PROBLEM TO WORK ON - Would you write out the data below exactly, with every line intact?

DATASET CONTENT -
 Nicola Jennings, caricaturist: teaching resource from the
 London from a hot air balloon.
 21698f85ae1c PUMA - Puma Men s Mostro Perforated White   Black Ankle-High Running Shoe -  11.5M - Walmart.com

YOUR SOLUTION -
 Nicola Jennings, caricaturist: teaching resource from the
 London from a hot air balloon.
 21698f85ae1c PUMA - Puma Men s Mostro Perforated White   Black Ankle-High Running Shoe -  11.5M - Walmart.com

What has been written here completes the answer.